What rhythms, routines, habits make up your day?

Do you see them shaping you to love something/someone?

Are you able to cause something/someone around you to flourish?

We Found Our Name

Want your love for something, someone to grow? Get around somebody who loves. Go ahead, get addicted. You and I are already “shooting up” on numerous addictive behaviors. We’re wired to crave, but you already know this. You already know we’re driven by passions. Maybe even some of them are passions for good things. No doubt, we turn some of those passions for good things into ultimate things. Things we can’t live without. Something close to worship. Something close to idols. Idols because they dilute or replace supreme loves.

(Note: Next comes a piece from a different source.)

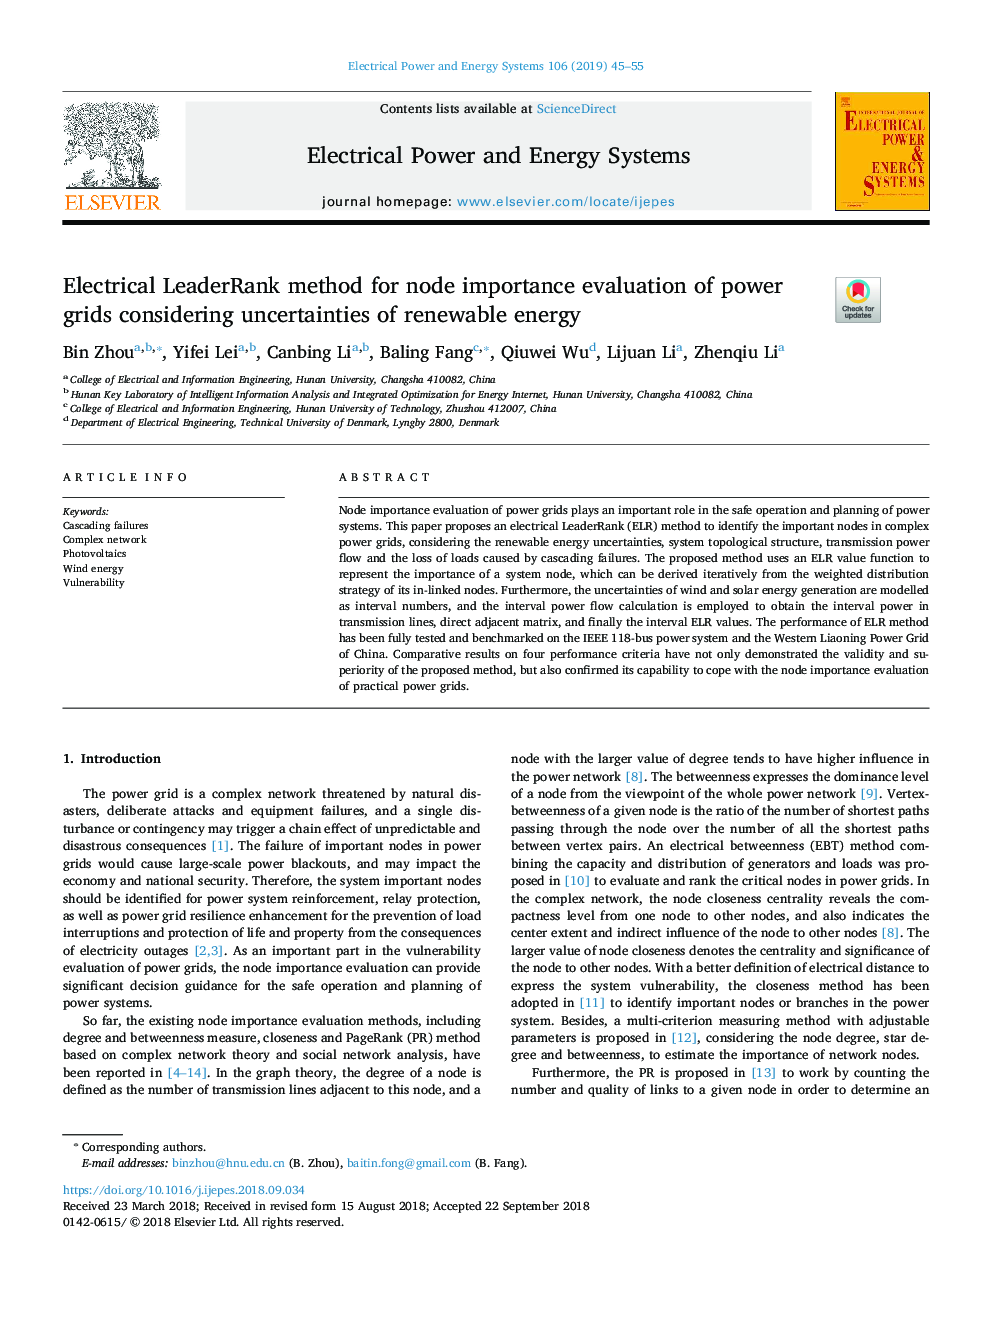 Electrical LeaderRank method for node importance evaluation of power grids considering uncertainties of renewable energy

So, how do we cut through the daily frenzy of many voices demanding our love? How do we keep in perspective our better loves? Eternal loves? Eternal loves that start now?

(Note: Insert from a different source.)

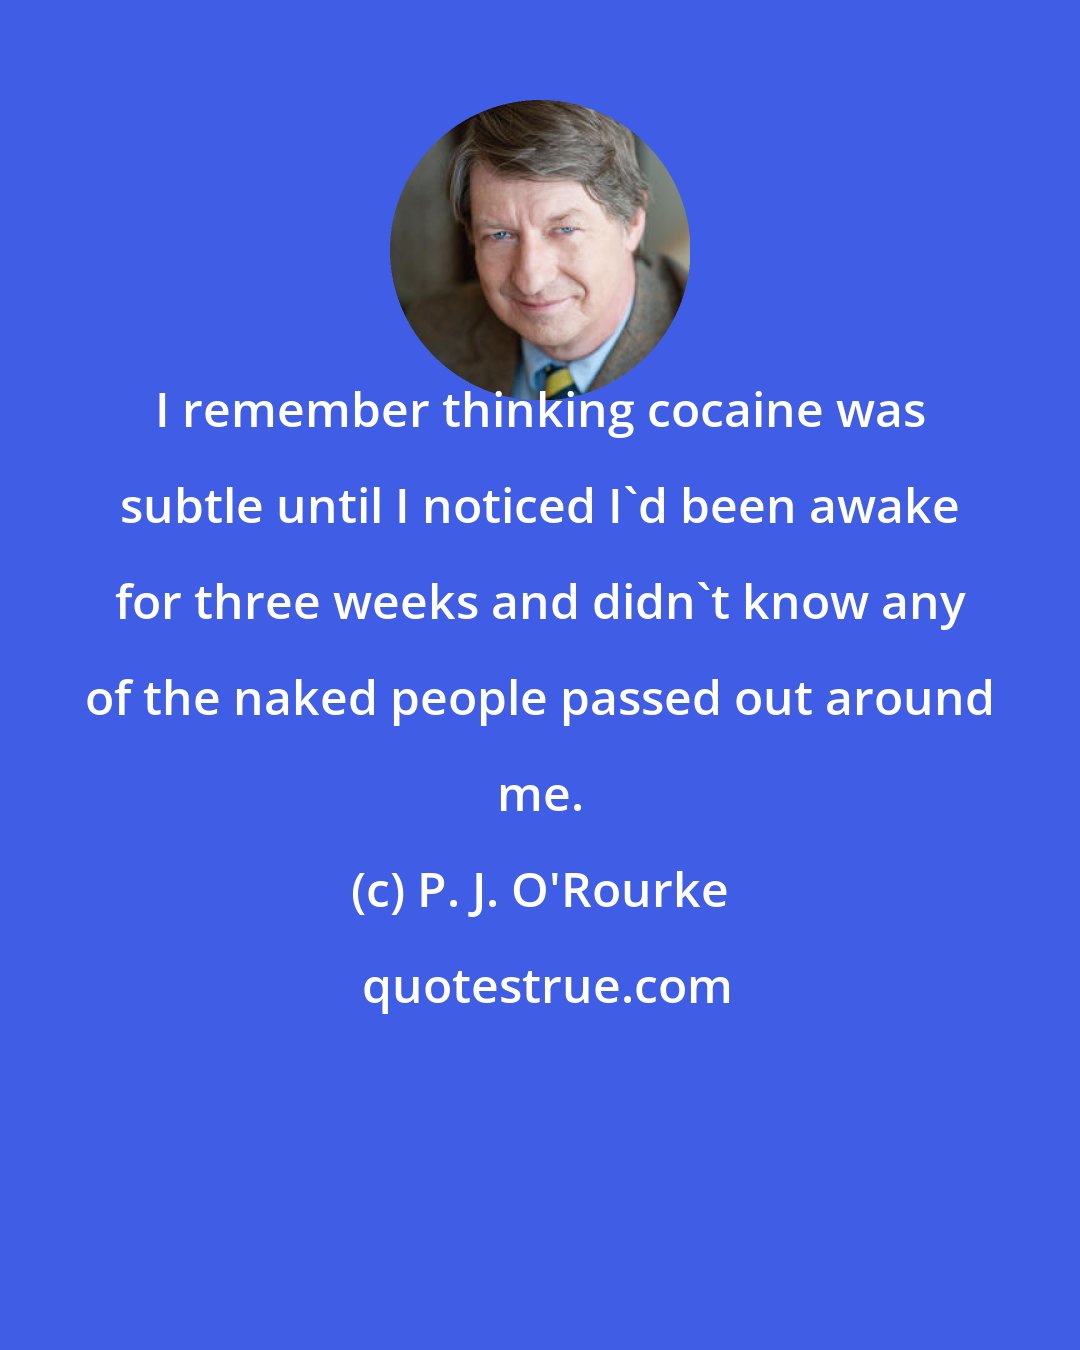 P. J. O'Rourke: I remember thinking cocaine was subtle until I noticed I'd been awake for three weeks and didn't know any of the naked people passed out around me.

I’m talking about a love for God and a love for His Word. Ever hear God speak to that deep part of your soul, your name? Ever read scripture and somehow find your name? Find your identity? A name like “beloved?”

I cherish the picture of my twin grandsons, Braden and Colin, picking up volumes of C. H. Spurgeon’s Treasury of David I had on my coffee table, intently searching through the pages for their name. All they needed to flame their passions, to give out a whoop of joy, was to find a “B” or a “C.”

I’d like to think they found something to love because of my love for C. H. Spurgeon’s love for God’s Word. After all, he wrote three substantial volumes of commentary on one book of the Bible, Psalms. Braden and Colin got around something I love because I got around someone who loves. We found our name.

Maybe we could get addicted to finding, reading, listening for our name. Maybe we should get around those who love the things we want to love forever. I have an example. My pastors. When they have prayed with me, they always sneak in a request that God would grow my love for Him and His Word. They extend it to include my family. They ask God to direct our supreme love toward Him and His Word. My wife. My daughter and sons. My grandchildren.

The prayers of my pastors, elders, and friends, on my behalf, mostly unheard by me, stealthily shape my loves.

Inside the volumes Braden and Colin were probing are some words written by Asaph, author of a few Psalms. They are words from a love song (Psalms 73:25) expressed to the One who knew his name:

“Whom have I in heaven but you?

And earth has nothing I desire besides you.”

Asaph, or rather the God who wooed him, makes me want to load these words in a needle and shoot them in my veins so I gain proper perspective on my loves! Join me for this addiction, for in them we find our name.